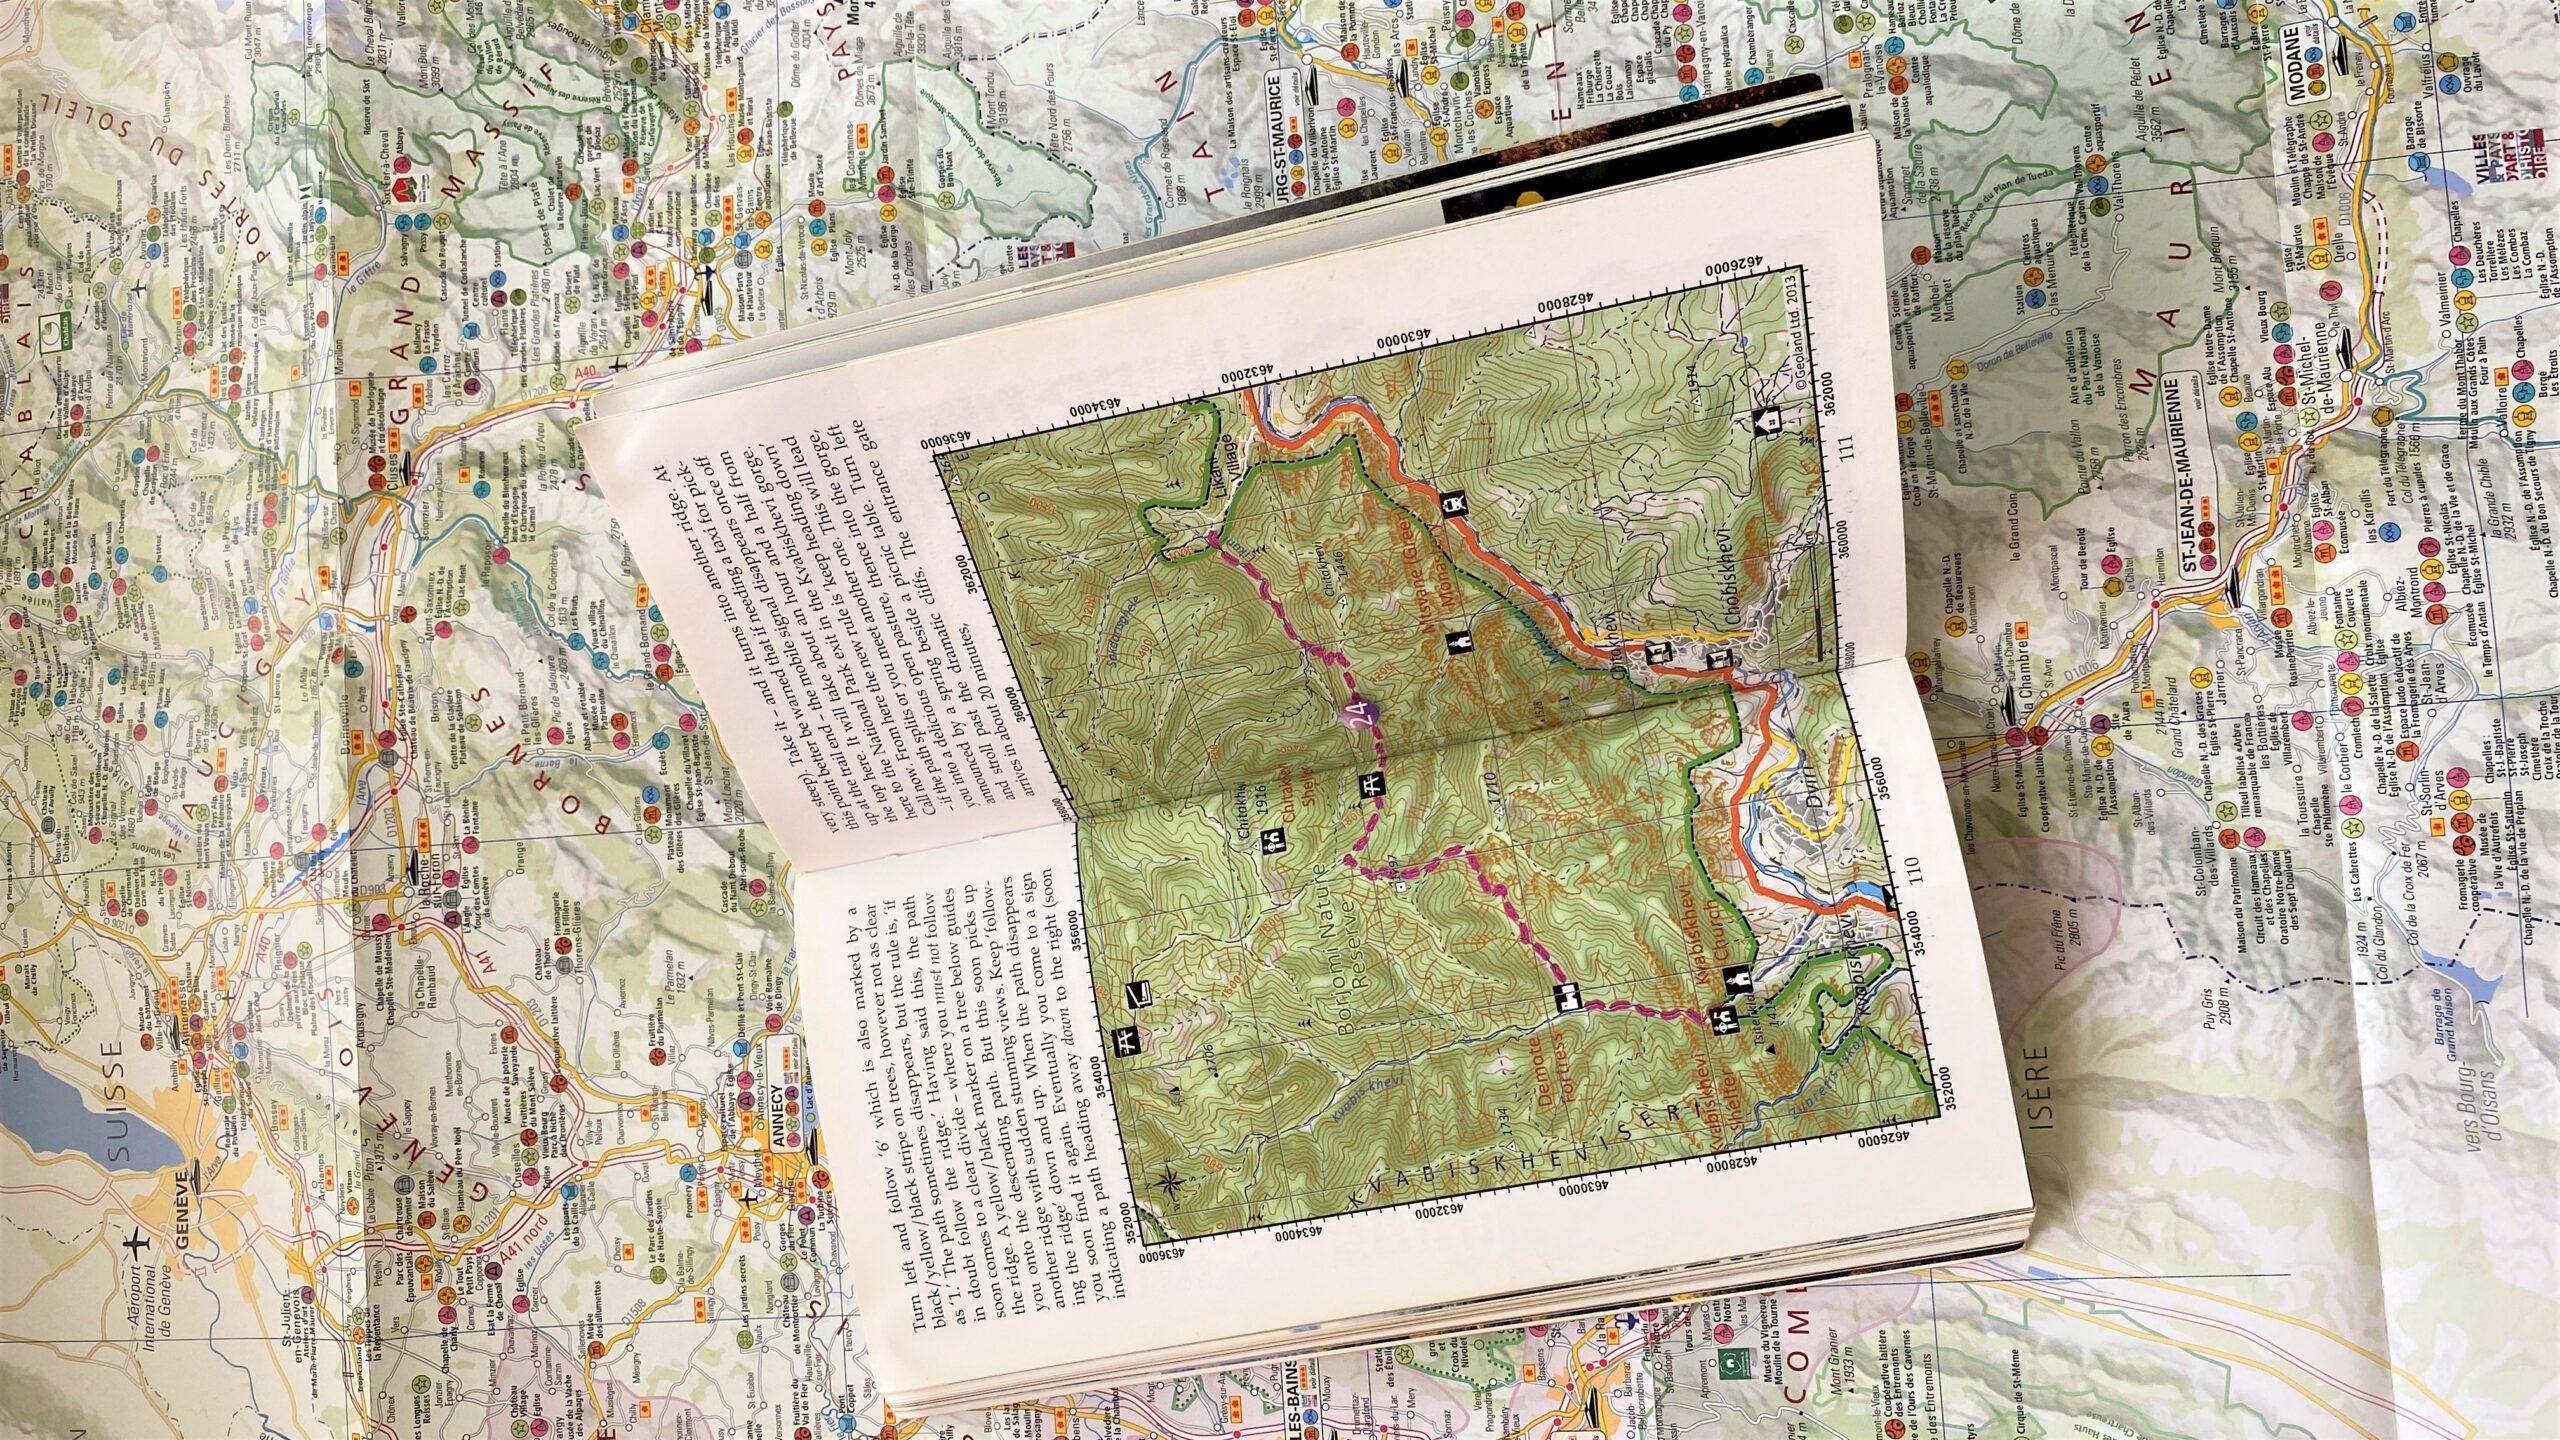 A pic of a map, to show that I know how to read maps
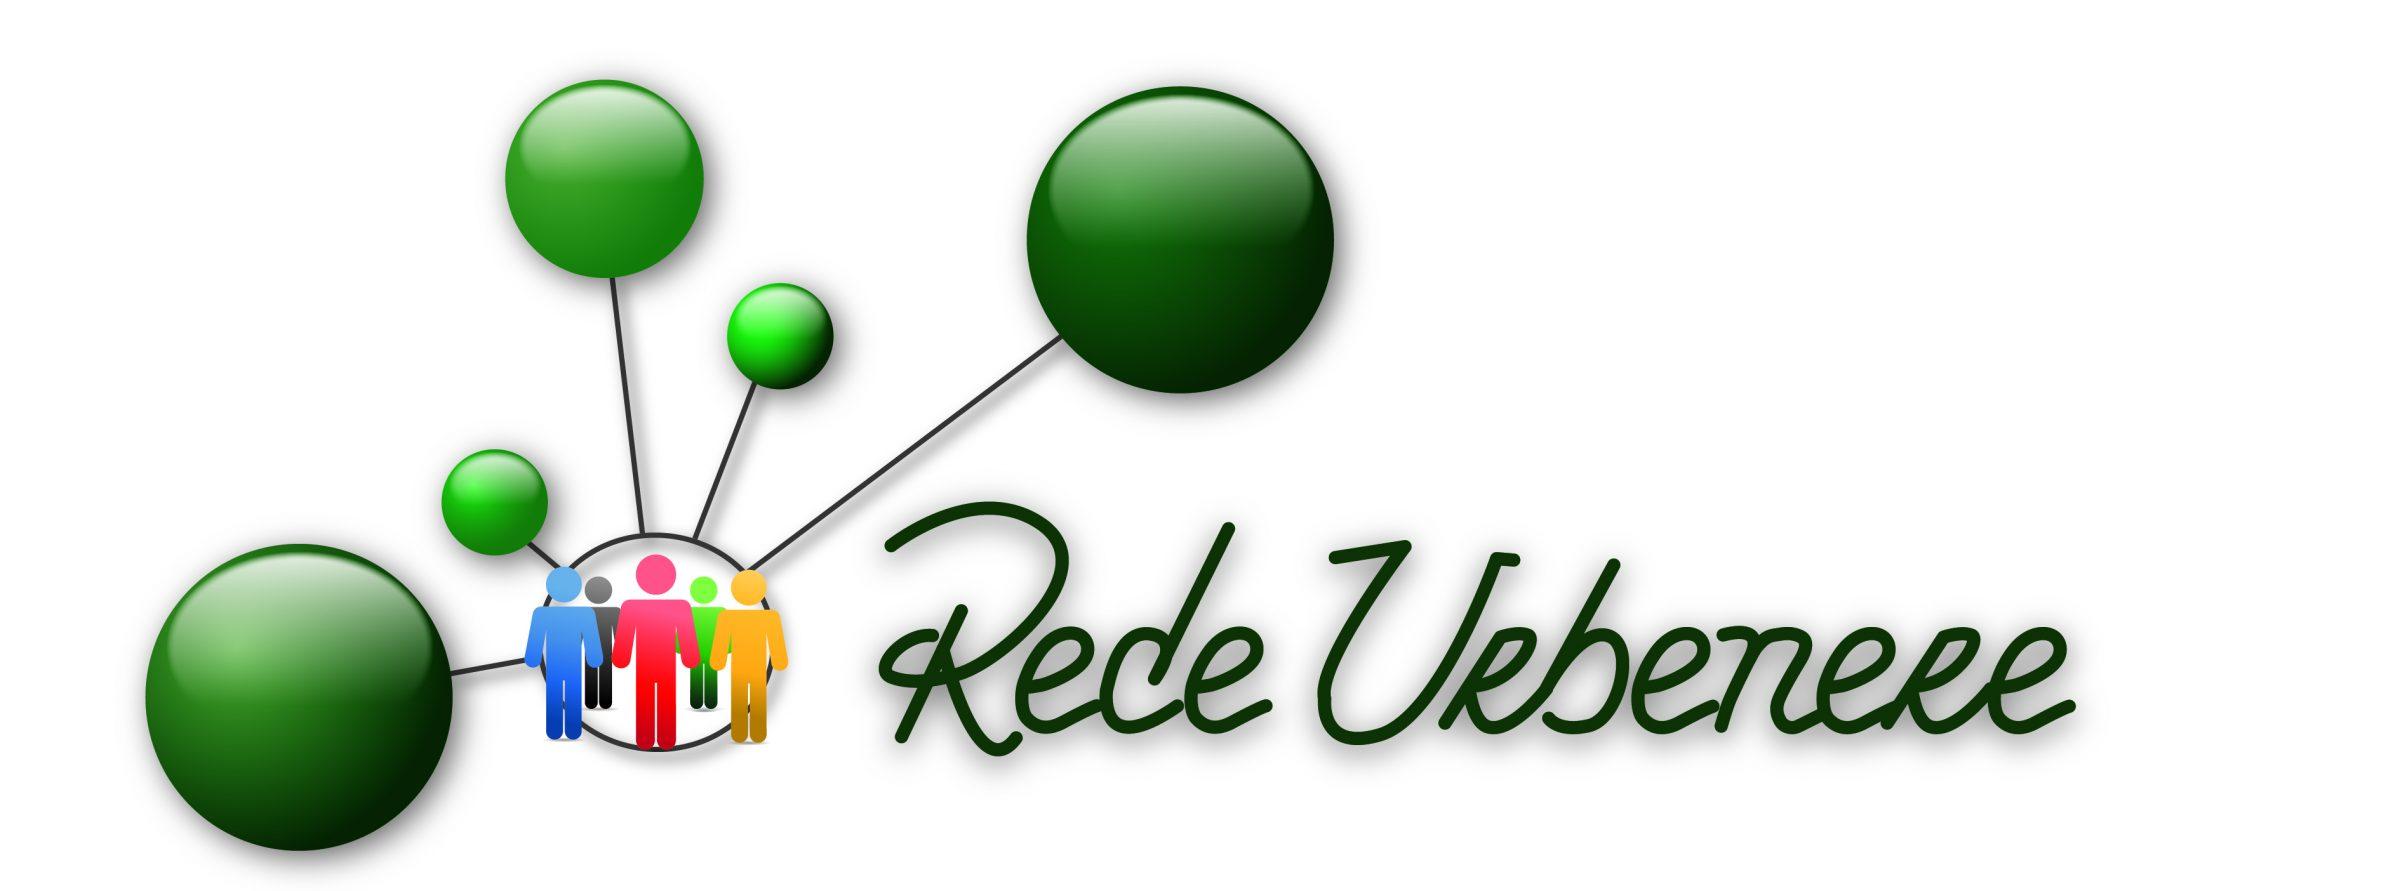 URBENERE - Logo
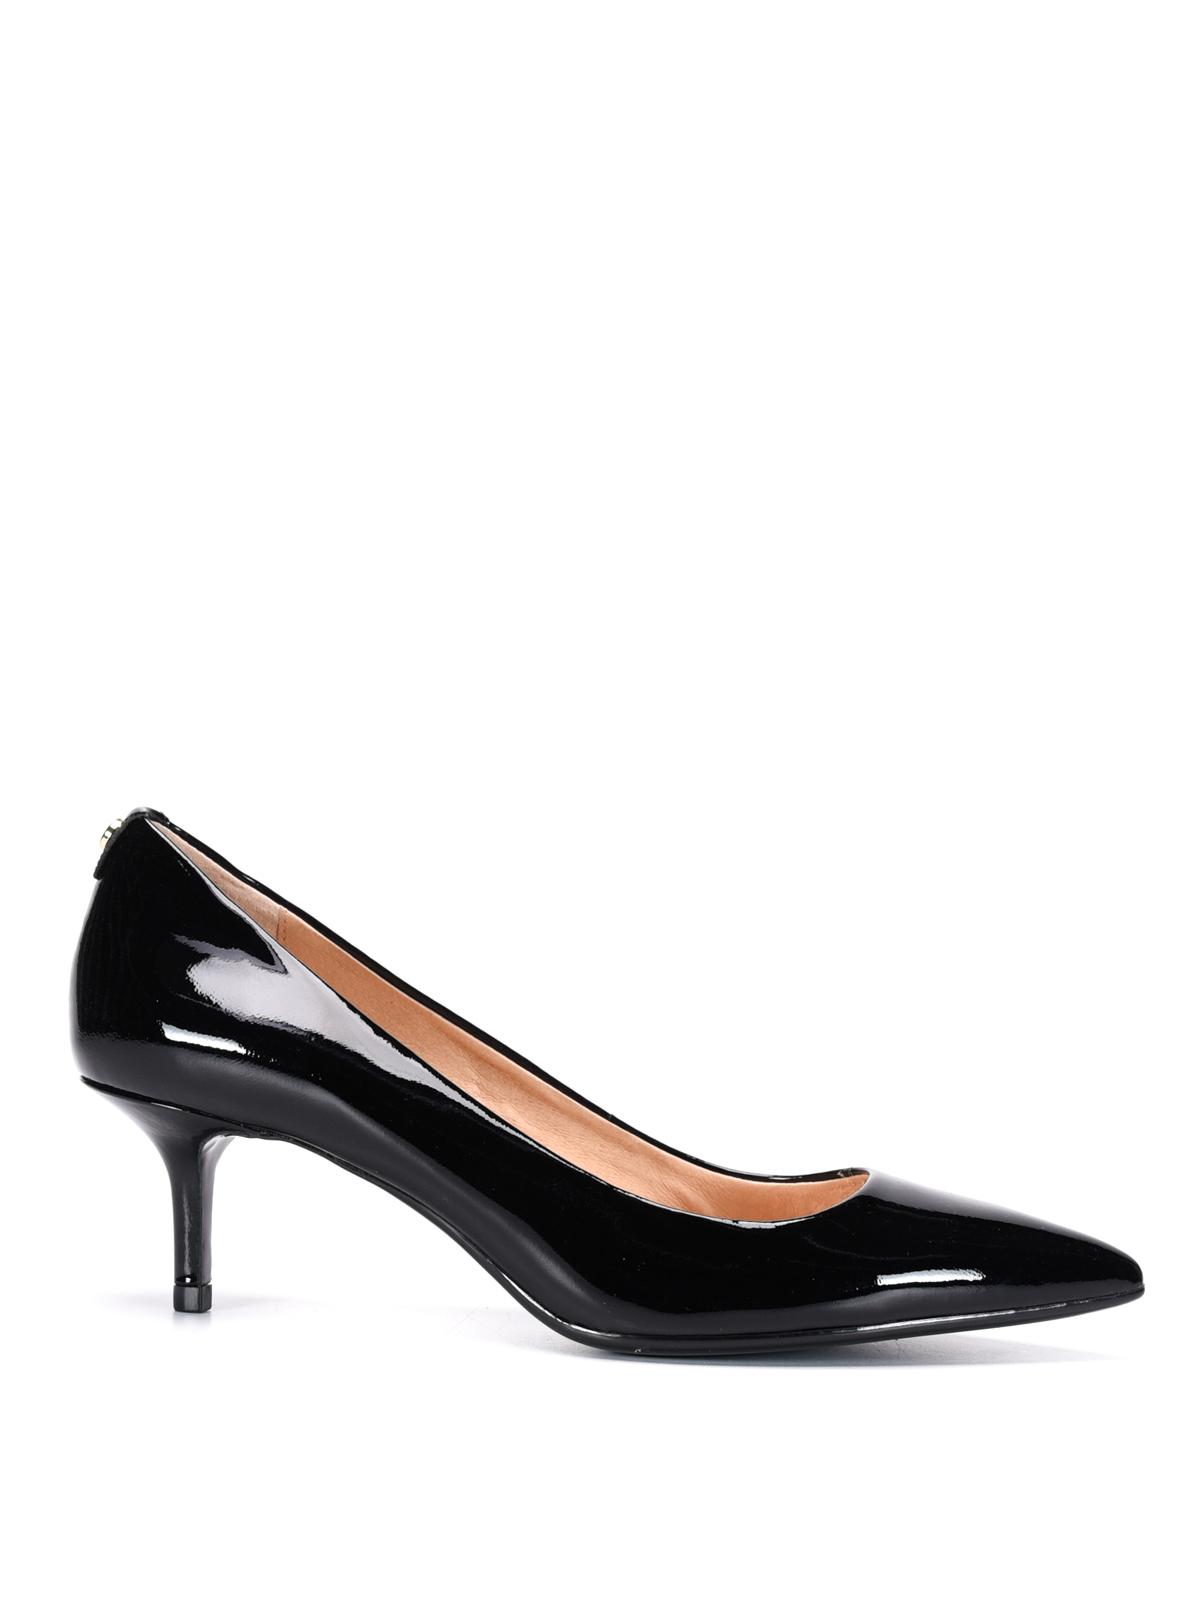 flex kitten pumps by michael kors court shoes ikrix. Black Bedroom Furniture Sets. Home Design Ideas

━━━━━━

TASK PROMPT »
Leave the pictures out and return the rest of the listing exactly.

EXERCISE ANSWER »
 A pic of a map, to show that I know how to read maps
 URBENERE - Logo
 flex kitten pumps by michael kors court shoes ikrix. Black Bedroom Furniture Sets. Home Design Ideas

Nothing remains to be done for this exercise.